Back to the point about cheapie phones - I don't see anything which says Nokia made a loss on these, so what's wrong with being in that market?
A few years back, when GSM based mobile phones were just picking up, Nokia introduced Arabic support to the MENA market and completely dominated the market place. Now you can't buy an HTC with Arabic language support, Apple supports arabic language, but has iTune stores in a very small limited number of Arabic speaking countries, and Nokia in general is considered an outdated type of phone to get.
Samsung on the other hand is busy Arabising its phones and with Google Market place supporting almost every single Arabic country, they are slowly taking over the market place in the middle east. Already in Oman, they are selling like hot cakes, especially with the official launch of the Galaxy S2 with Arabic support.

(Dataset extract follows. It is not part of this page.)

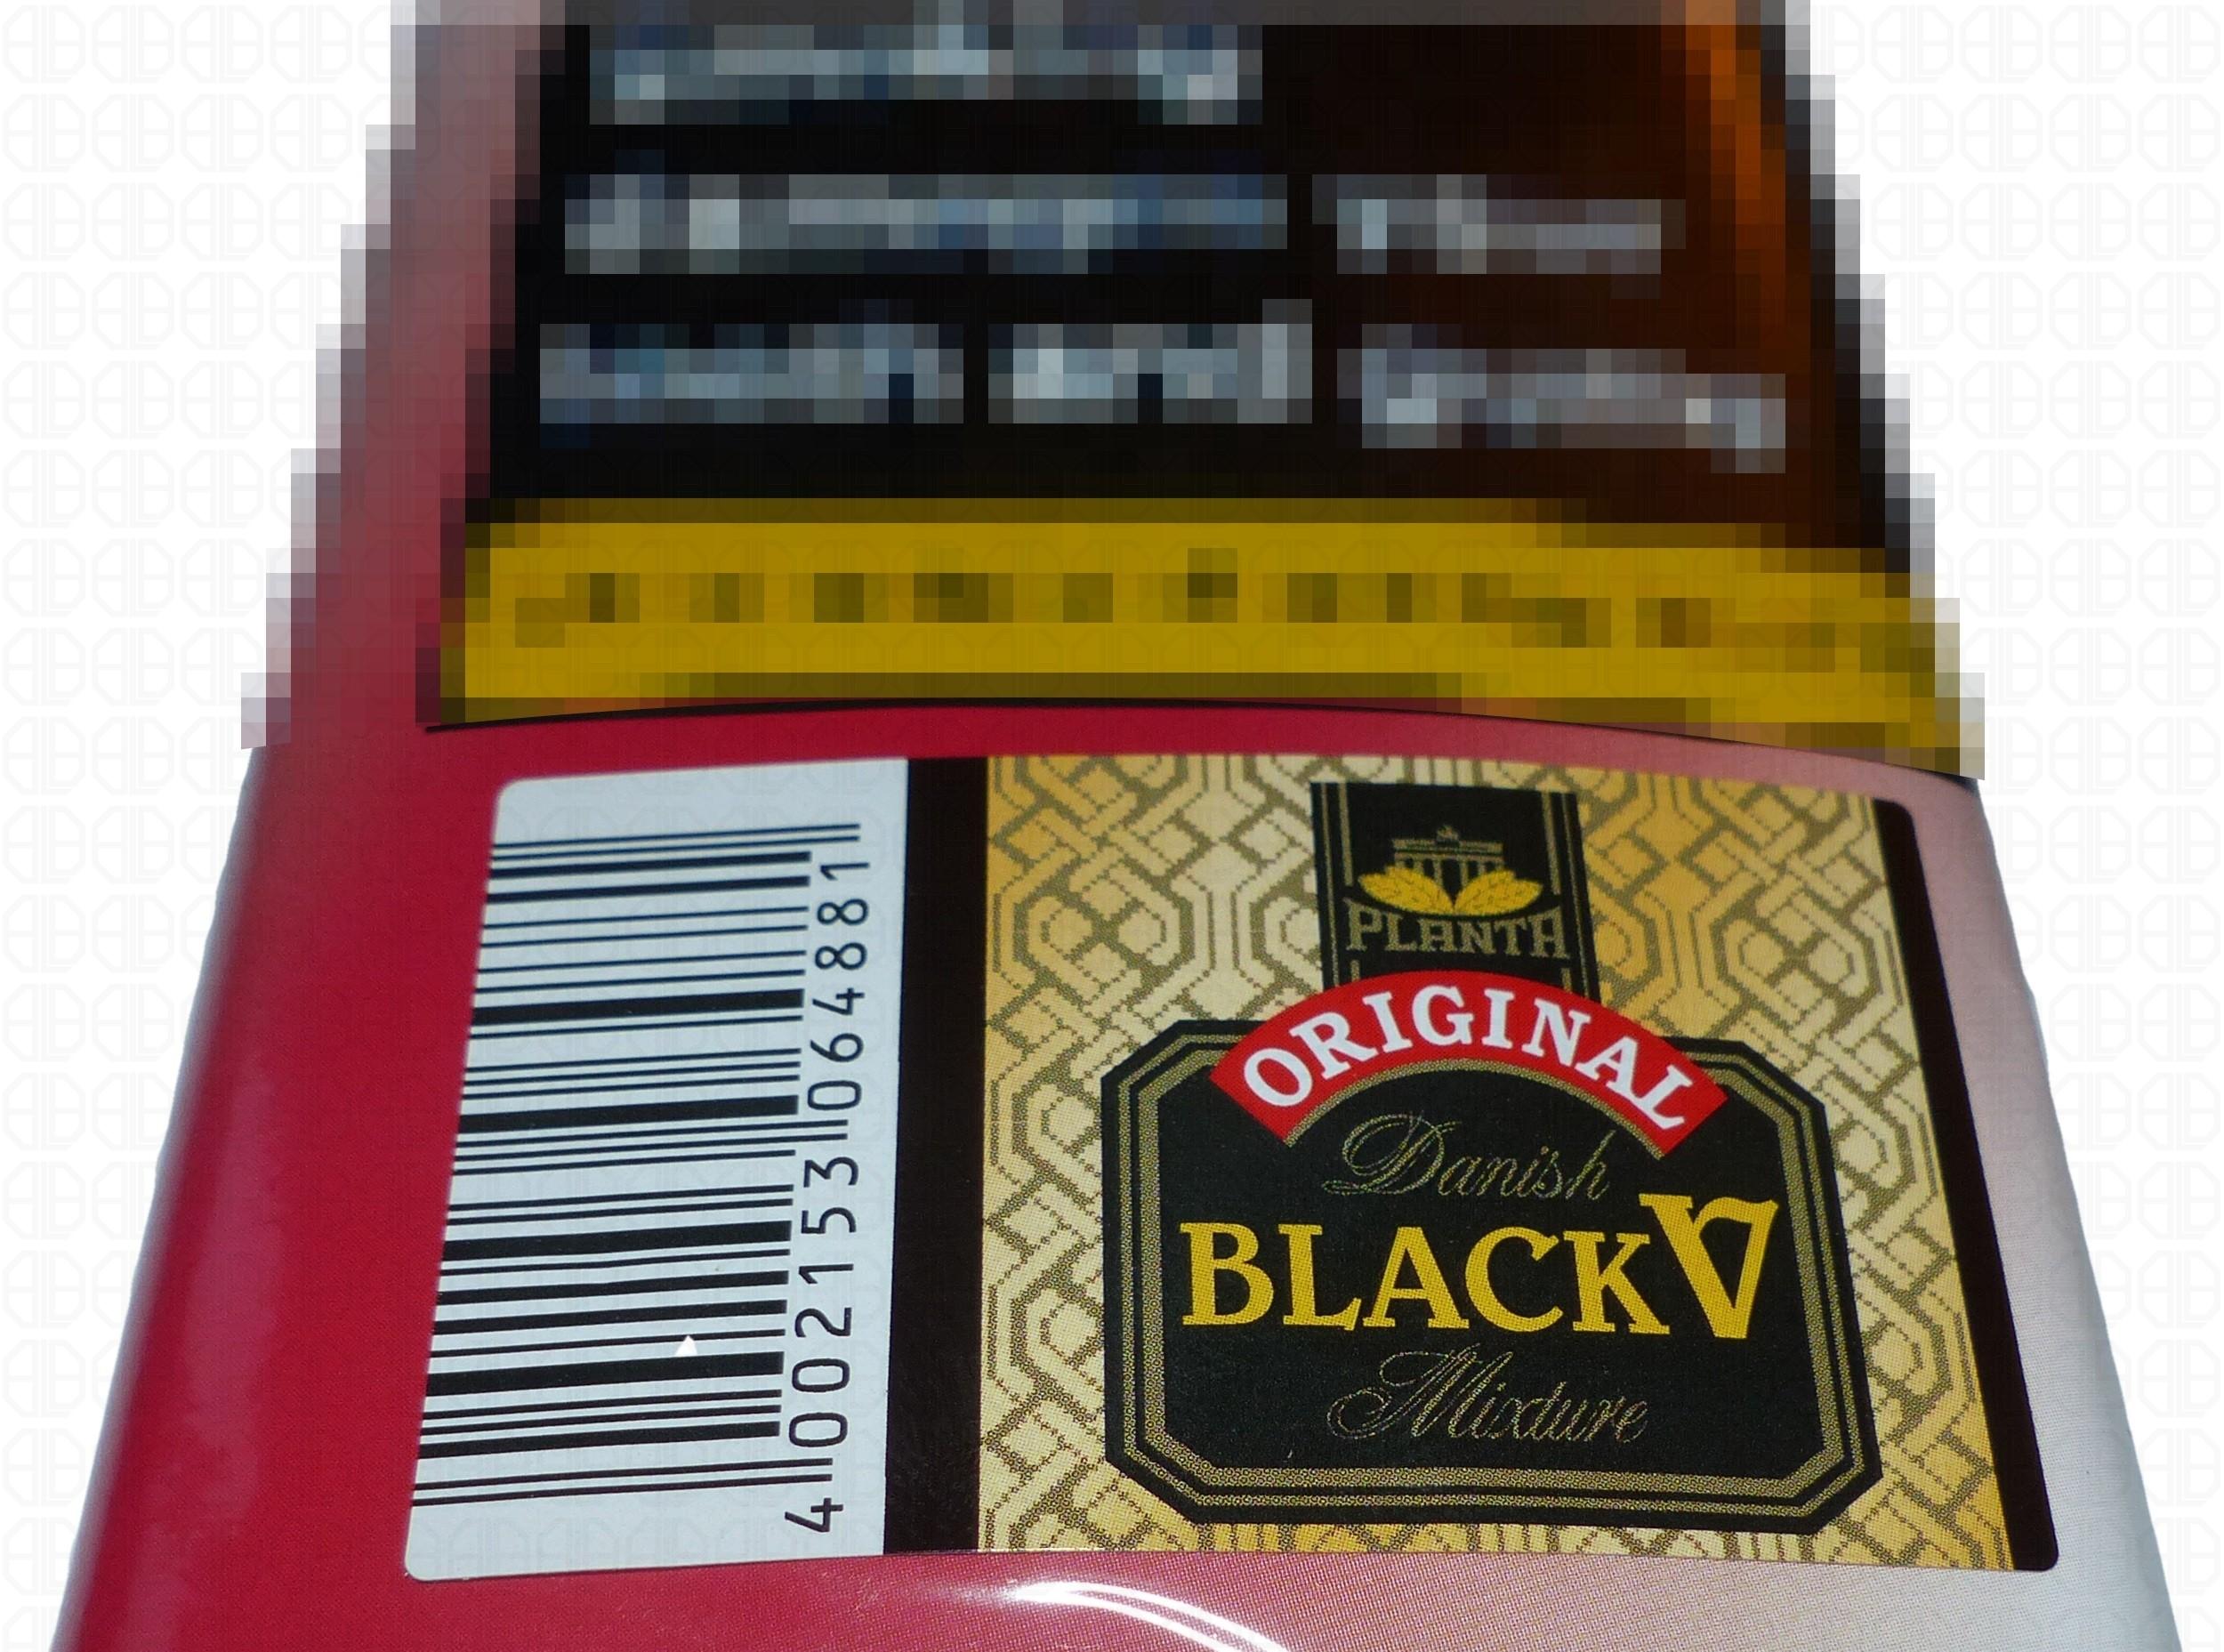 Planta Danish Black Vanilla Mixture (40g)

They have already taken over Sony as the premium TV brand in the country. I think that in some regions, with huge population masses and a very fashion conscious population willing to spend on a phone more than they can really afford, most mobile phone makers are loosing the opportunity and will be taken Samsung and everybody will be sitting there wondering what hit them.
Yep China is hammering them. They're hammering everyone in every market and are making vast amounts of money whilst the rest of the world sinks into debt.
Smartphone market has been lost for Nokia though. Microsoft is not going to win it for them.
Ditch the smartphones entirely, and concentrate on feature phones. Compete with or join the Chinese manufacturers.